Mergers and acquisitions are fairly commonplace in Ohio. These two business strategies allow companies to grow by sometimes buying out a competitor or a partner. For the seller, it may also provide the means to retire early and peacefully.
However, as with any other business process, acquisitions and mergers require due diligence. This is as true for buyers as it is for sellers. Both parties have a lot to lose and a lot to gain, so it is in both of their best interests to read through all the fine print and verify the information before negotiating.
For the buyer
Forbes recommends that buyers should evaluate a business carefully before adding it to its profile. One of the most important factors to consider is how well the business has been performing financially over the past few years. Is the business making a consistent profit? When was the last time the financial statements were audited by an external auditor? What did the auditor say?

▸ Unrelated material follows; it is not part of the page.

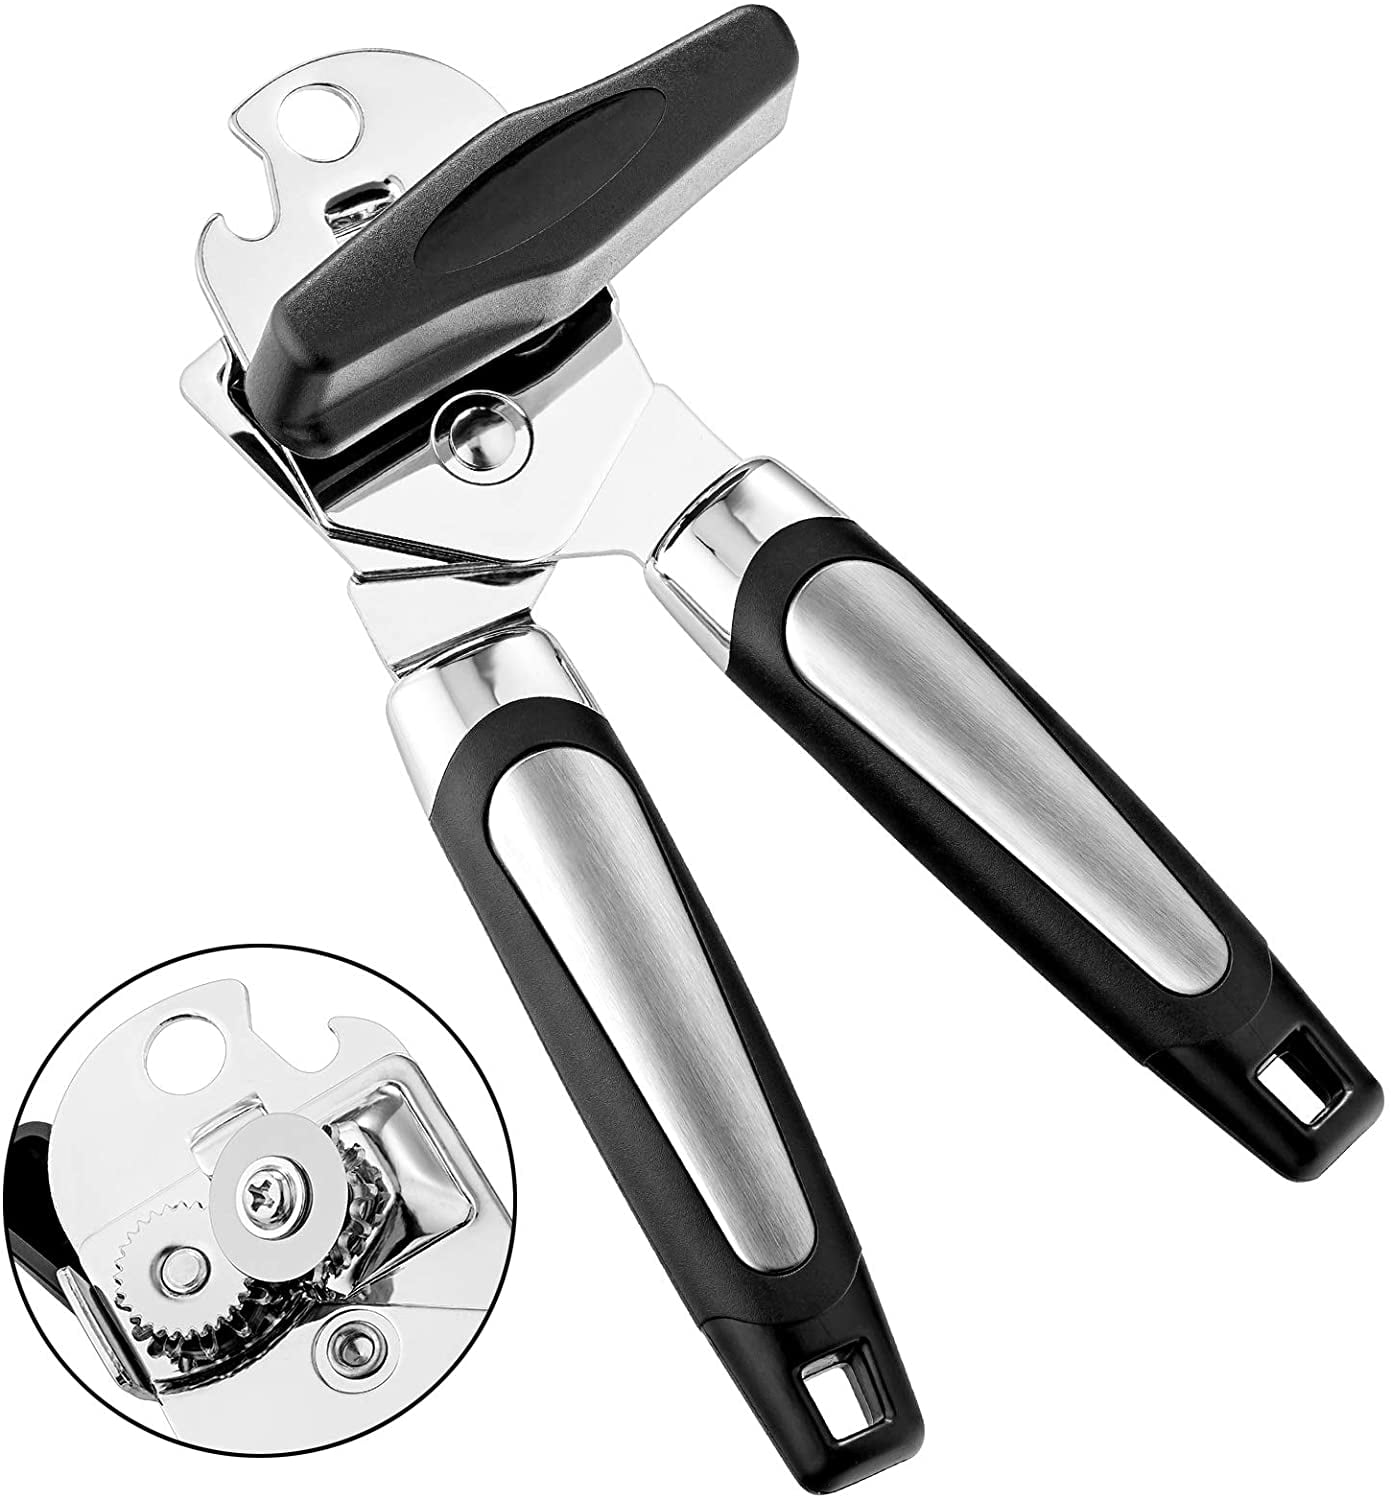 Comfortable Handles Easy To Turn Knob Lid Lifter Restaurant For Kitchen Bottle Opener Stainless Steel Can Opener Camping Sharp Cutting Disc Manual Silver and Black Long

When one company acquires another, their intellectual property is typically a part of the deal. However, current patents and user agreements may affect how the new company may be able to use this intellectual information. Buyers should look out for government assistance and any liens against the property.
For the seller
Forbes recommends that businesses prepare to negotiate a fair price.However, they also warn that a business must be able to prove its value, especially if the asking price is high. In addition to this, sellers should brace themselves for a potentially long negotiation process along with all the prodding and poking that comes with the buyer’s due diligence.
When buyers compete, sellers are in a much better position to earn payment at or above their asking price. As a result, many companies entertain multiple bidders. Because these potential buyers will typically be competitors, the different companies may be more willing to pay higher prices to outdo each other. It is possible to set up an auction to simplify the process.
When it comes to acquisitions and mergers, buyers conduct due diligence to ensure they are not buying fools’ gold. Sellers, on the other hand, want to know they are properly compensated for giving up their company. It is a competitive process and when handled fairly it can be mutually beneficial for both parties.